At the dance, Grace, fed up with Friedman's taunts, throws off her leather jacket, rips off Luke's jacket, and wraps the happy seventeen-year-old boy in his first passionate embrace. For the rest of the evening, Luke and Grace boogie up a storm—to Friedman's amazement.

I am not a physicist and cannot tell you whether Luke's is a fair summary of the uncertainty principle. But it is a pretty interesting view of reality, in a divinely created world of free will, one in which one of the most important choices is what we look at and where. 

Both Joan and her father choose to look in dark places. God, as a pierced Goth youth, tells Joan to invite the meanest, saddest, most antisocial kid in the whole school, Ramsay, to The Crystal Ball. Meanwhile, Dad, as police chief, decides to look where no one has previously dared: into the chain of corruptibility in Arcadia's city government that reaches all the way to the mayor's office. Both of these instances of observation have far-reaching consequences. Dad's investigation leads to an FBI raid and (in later episodes) job troubles for Dad. Joan's inviting Ramsay to the dance plays out with more interesting twists.

The dénouement is set up by the first of two conversations between God and Joan. Goth God enters the school library to find Joan reading a book on self-defense.

God: I wouldn't worry about self-defense. (God pulls out a book entitled “Lost Souls.”) Joan, have I ever endangered you?
Joan: Well, you never told me to ask evil out on a date before.
God: Evil is not a word to use lightly. It's only the darkest end of a broad spectrum.
Joan: You mean like light?
God: Exactly like light. Nobody is born in total darkness. Most of you live on the grey end of the spectrum, a lie here and there, jealousy, wrath. But you only get to absolute evil by doing one thing after another till eventually you're transformed.
Joan (looking at the book “Lost Souls”) Like . . . into a monster?
God: A monster is a creature with no consciousness. They're extremely rare, but they do exist.
Joan: Have you watched the news? I'm not sure they're so rare.
God: Almost everybody has some light somewhere. And light is always worth fighting for.
Joan: Ok. So I'm supposed to find Ramsey's light?
God: I just want you to listen and observe. Be present.
Joan: That's it?
God: (No answer)

Accosted at The Crystal Ball by vice principal Gavin Price for carrying a bottle of whiskey in his pocket, Ramsay flees the dance. The DJ at the dance (God again) tells Joan to follow him. What seems to be another melodramatic ending, as in the previous episode, leads to a great concluding scene. Joan hops in Ramsay's truck; he drives to a junkyard, pulls a gun, then has an armed stand-off with Joan's dad, who finally talks the boy out of his pistol and leads him away to custody.
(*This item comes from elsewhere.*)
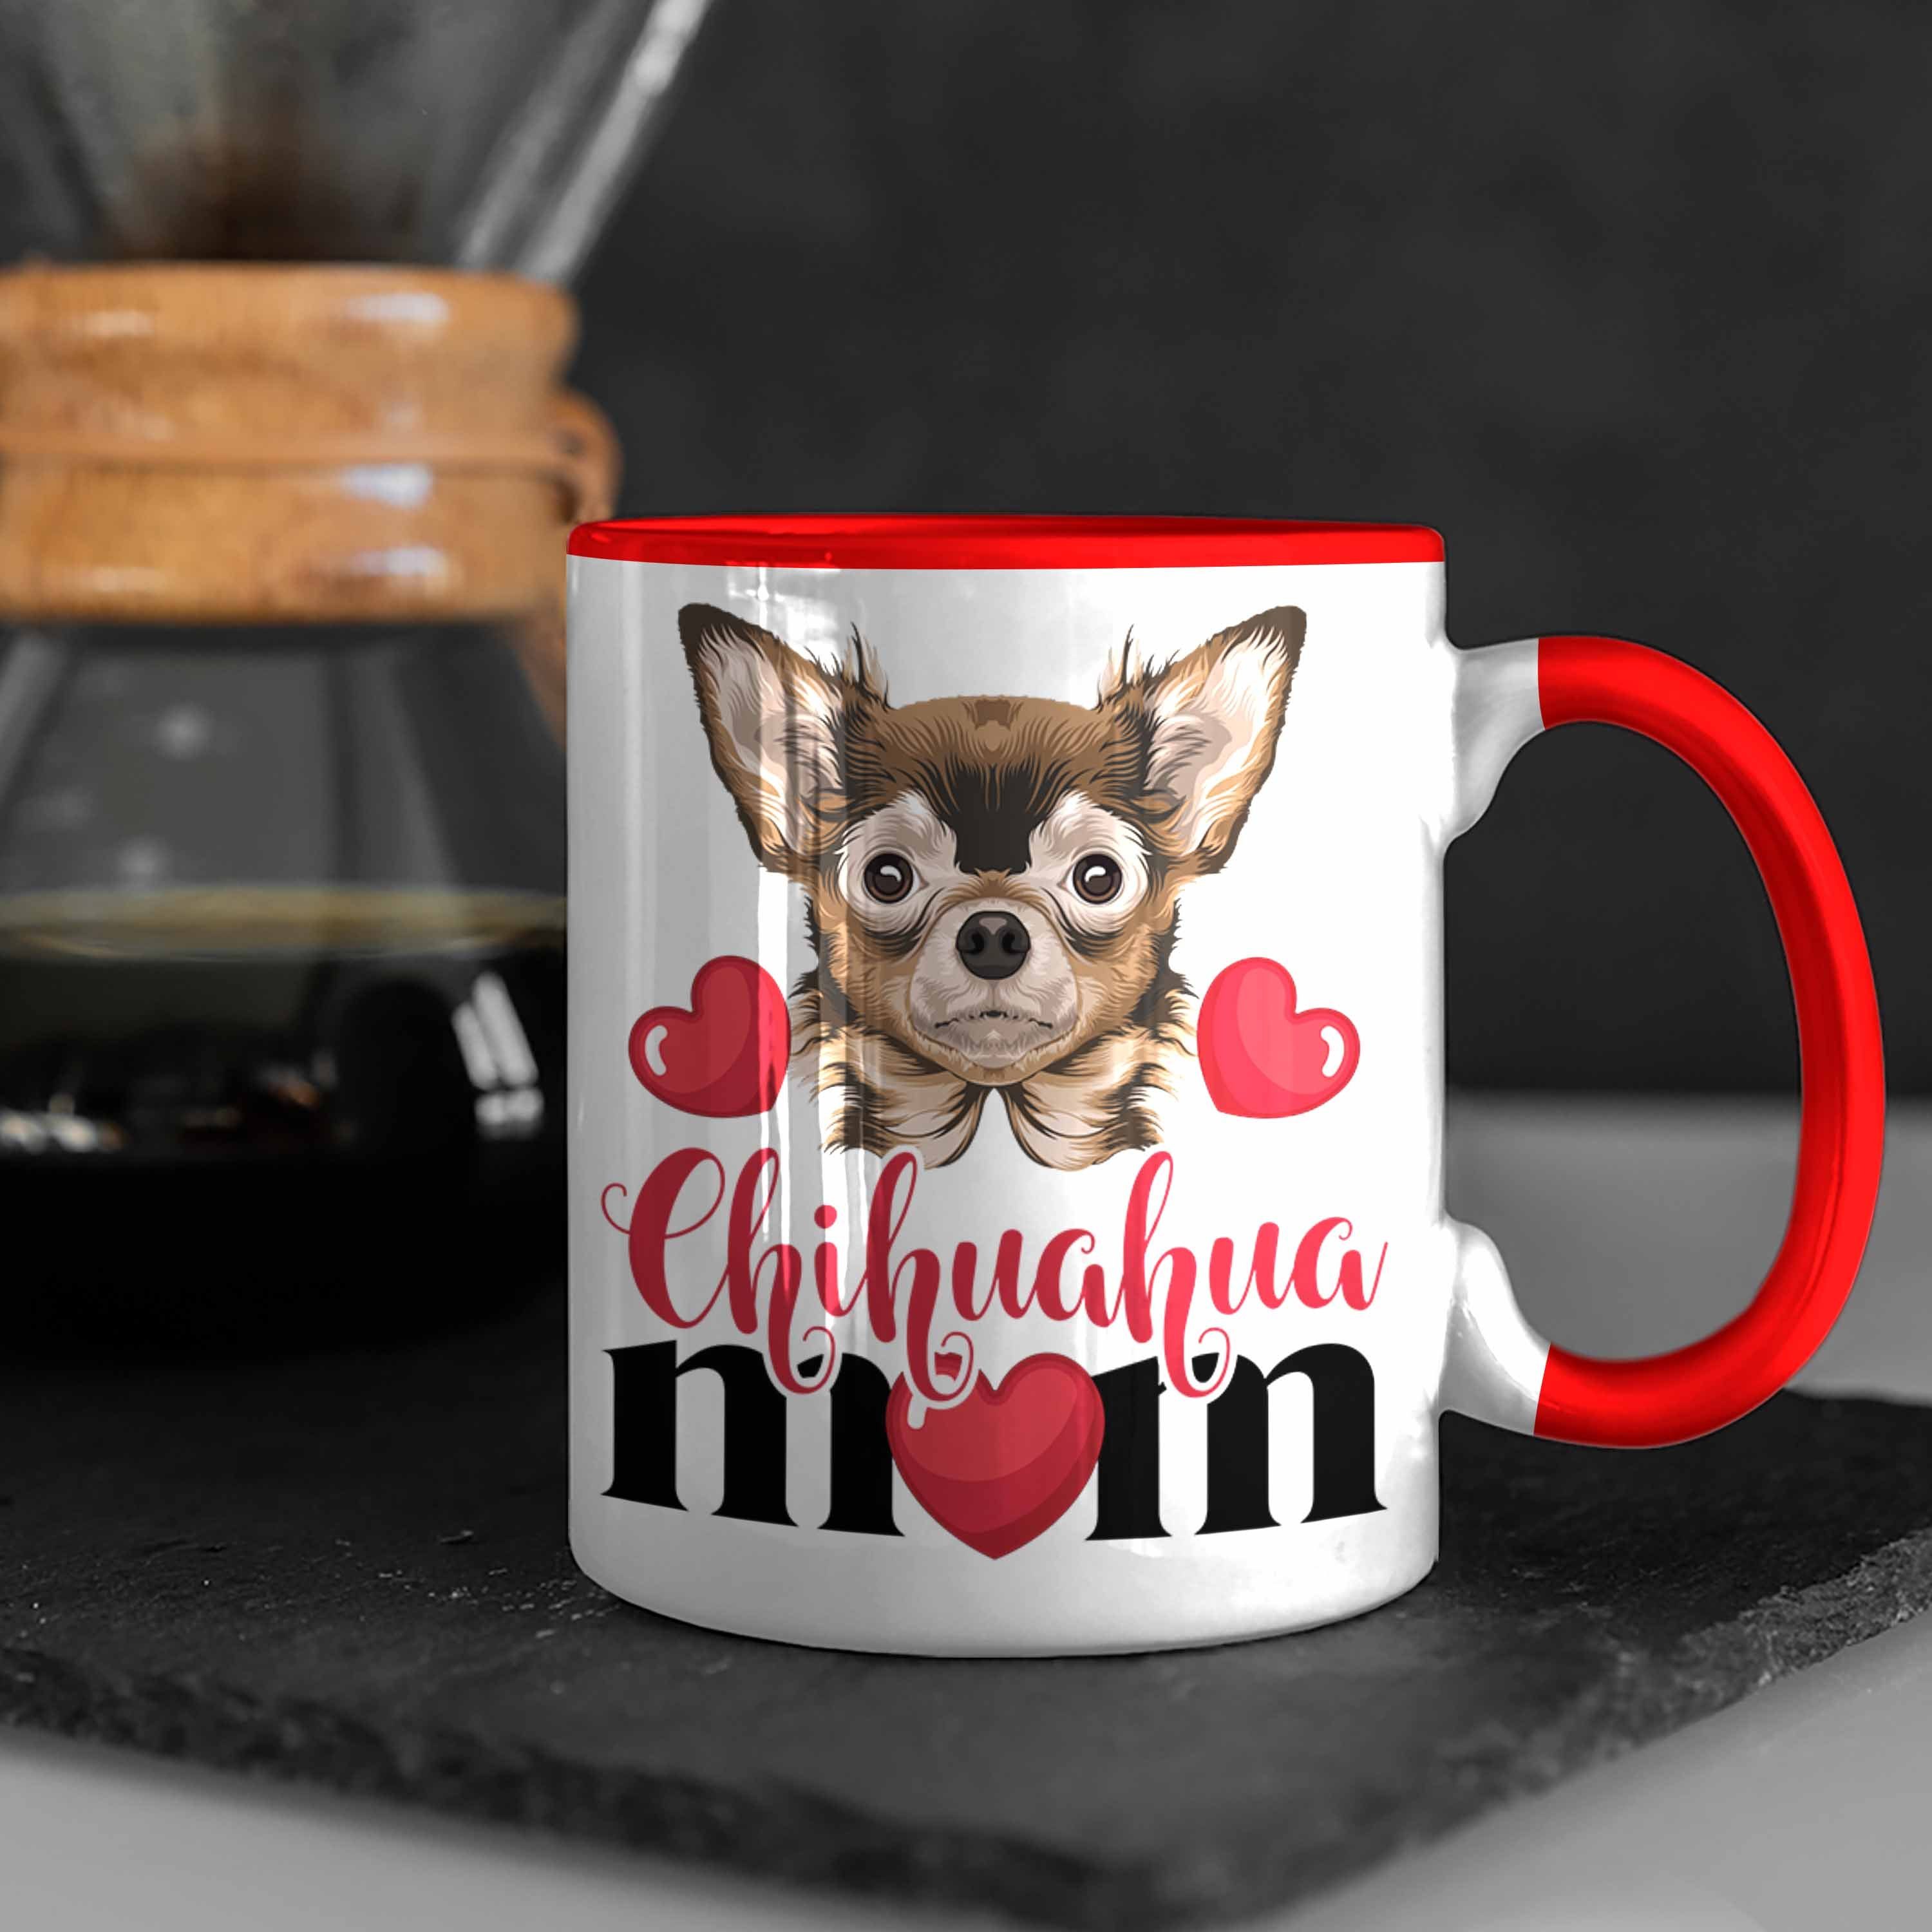 Trendation Tasse Chihuhahua Mom Besitzer Tasse Frauchen Rot Mama Geschenkidee Kaffee-Becher

Joan is saved; so is Dad; Joan is grounded; and then . . .

The following day Joan meets Old Lady God in the school corridor. God is holding a tray of cupcakes and wearing a button that reads: “Help Soccer. Eat More Cookies!” Joan is upset: Ramsay is going to jail.

Joan: What do you want me to fail at this time?
God: Now, what makes you think you failed? You did exactly what I asked you to do. You observed. 
Joan: What good did that do? 
God: Observation is a more powerful force than you could possibly reckon. The invisible, the overlooked, and the unobserved are those that are most in danger of reaching the end of the spectrum. They lose the last of their light, from there anything can happen. 
Joan: Fine, I observed Ramsay, his life is still ruined. 
God: His life wasn't the only one at stake.

Then in a chilling evocation of the Columbine shootings, God shows Joan in a vision what would have happened if Ramsay had not been arrested. He was preparing to open fire at school, and students, teachers, even Ramsay himself would have died if Joan had not observed and been present to him.

God: For each of these there are twelve more that would have been altered irreparably, people alive today whose lives were altered by you—by the simple fact of being present—by entering the light—by joining the dance.